62 The Impact of Genomic Assays on Breast Cancer Systemic Therapy Treatment Decisions in a Mostly Black Patient Population

62 The Impact of Genomic Assays on Breast Cancer Systemic Therapy Treatment Decisions in a Mostly Black Patient Population

Background

Multiple genomic assays are currently available for assessing breast cancer’s (BC) prognostic and predictive outcomes. Two of the widely utilized assays are the 21-gene recurrence score, (Oncotype DX [ODX]), and the 70-gene signature test (MammaPrint [MP]). ODX characterizes the results based on a 1-100 scale with a score of ≥ 26 considered a high recurrence score (OHR) and a score of < 26 a low to intermediate recurrence score (OLR). MP classifies the results as either high (MHR) or low risk (MLR).
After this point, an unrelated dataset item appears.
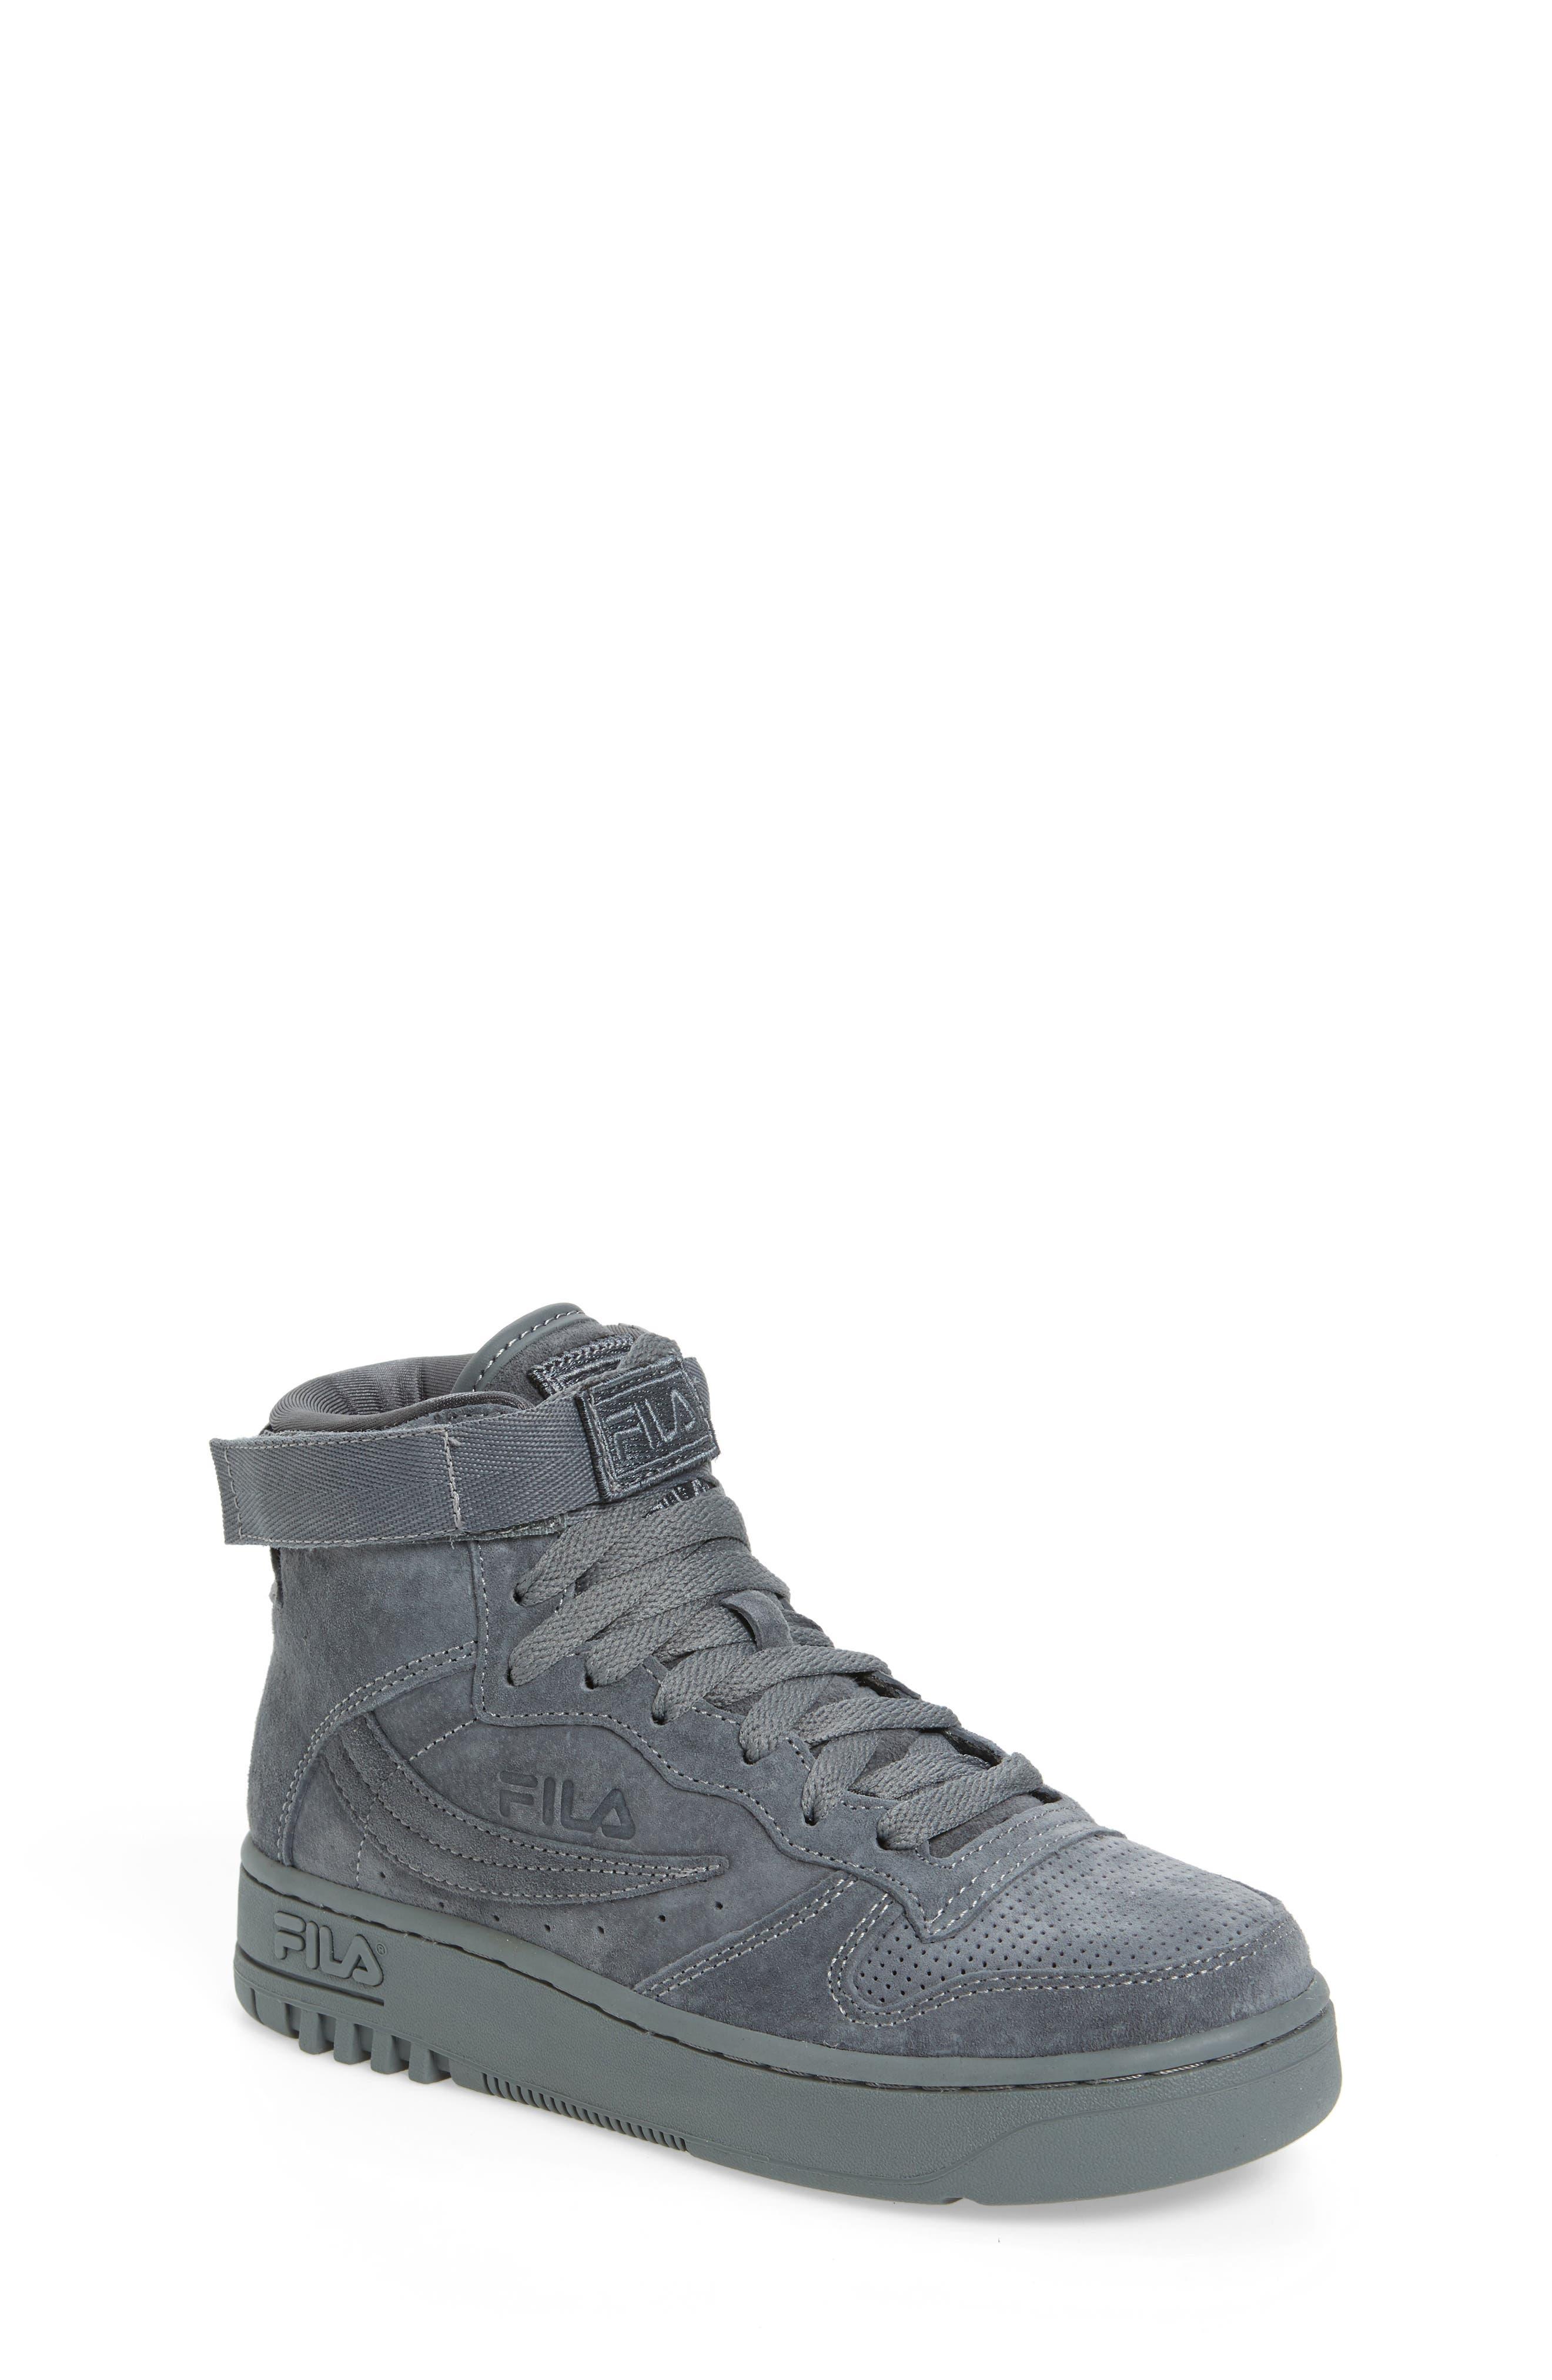 USA FX-100 High Top Sneaker,                             Main thumbnail 1, color,                             050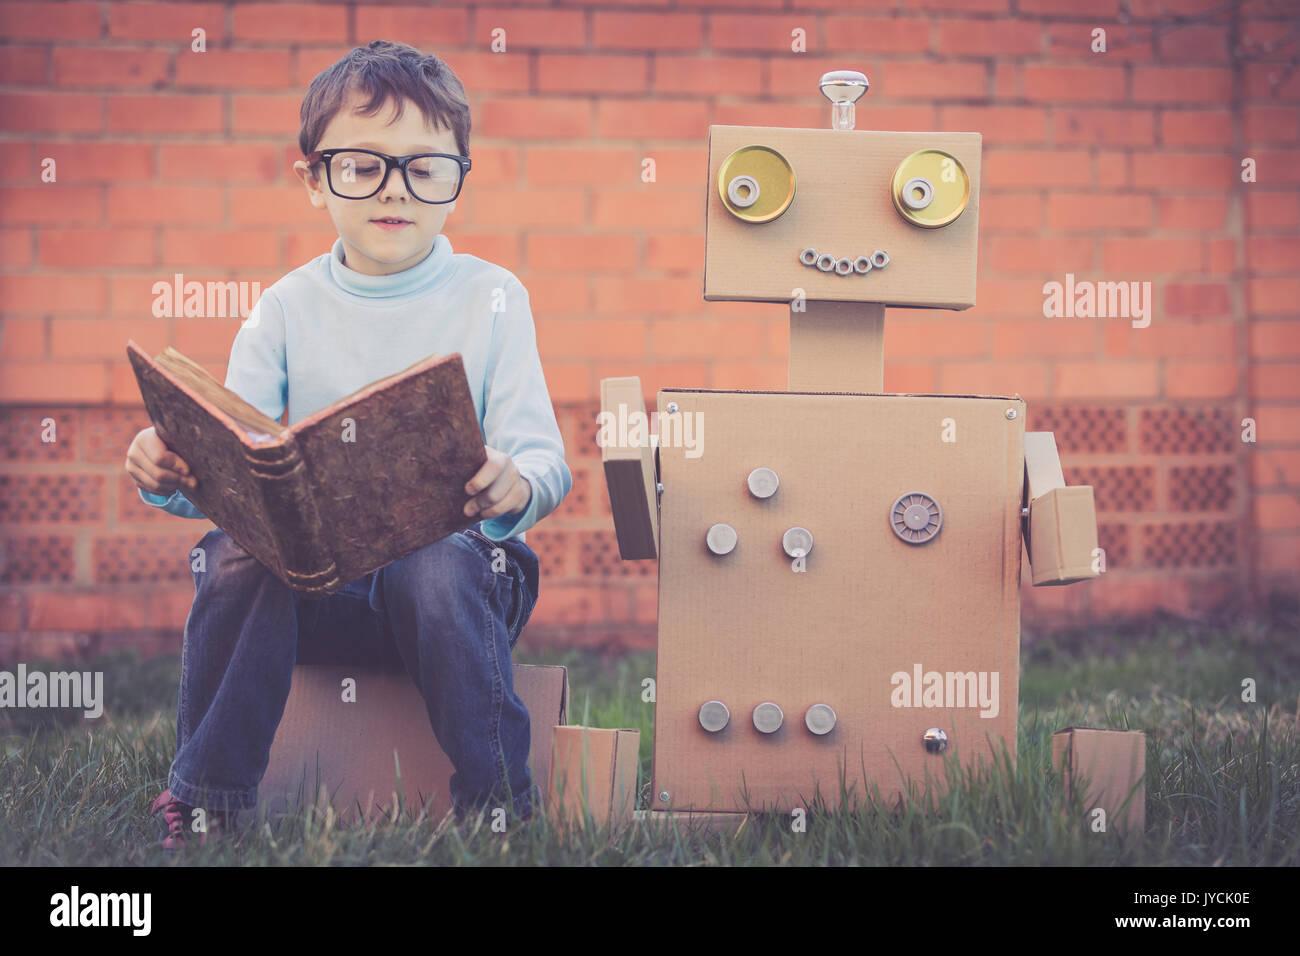 bo cardboard robot reading - photo #14

The results of these assays help guide clinicians’ treatment of BC. Studies examining the impact of these assays on systemic therapy treatment decisions in Black and minority patients are limited.

Methods

We examined the results of the 2 genomic assays in our community-based Comprehensive Breast Center with a predominantly Black patient population. This was a retrospective institutional review board (IRB)-approved analysis of a total of 88 patients who underwent genomic testing with MP on core needle biopsy from 2021 to 2023. Twenty-five of these patients had ODX testing in addition to MP, this time on the surgical specimen. Chemotherapy treatment decisions were determined.

Results

Of the 88 patients, 85 (96.6%) were female and 3 (3.4%) were male. Eighty-five (96.6%) of the patients were Black/African American, 3 (3.4%) were Hispanic. Fifty-two (59.1%) of the patients were found to have MHR and 36 (40.9%) had MLR. Out of the 52 who had MHR, 45 (86.5%) were offered chemotherapy. Twenty-five of these patients received chemotherapy in the neoadjuvant setting (NAC) and 17 patients received adjuvant chemotherapy (AC). A total of 3 patients were offered chemotherapy but declined. Out of the 36 MLR patients, 3 patients received NAC, 5 patients received AC, and 2 patients were offered chemotherapy but declined. Out of the 25 patients who also had ODX, 22 (88.0%) were found to have OLR and 3 (12.0%) had OHR. Three patients had both MHR and OHR, all 3 (100%) were offered chemotherapy. Eleven patients had MHR, but OLR, 7 (63.6%) of these patients were offered chemotherapy. Eleven patients had MLR and OLR; 1 (9.1%) of these patients was offered chemotherapy.

Conclusions

In our mostly Black patient population, patients were more likely to be offered chemotherapy if they had an MHR result (P< .001). Patients were also more likely to receive NAC if they had an MHR score (P< .001). Additionally, there was a notable discordance between MP and ODX as 11 of 25 patients with both assays were found to have MHR, but not OLR. These patients were more likely to be offered chemotherapy than not.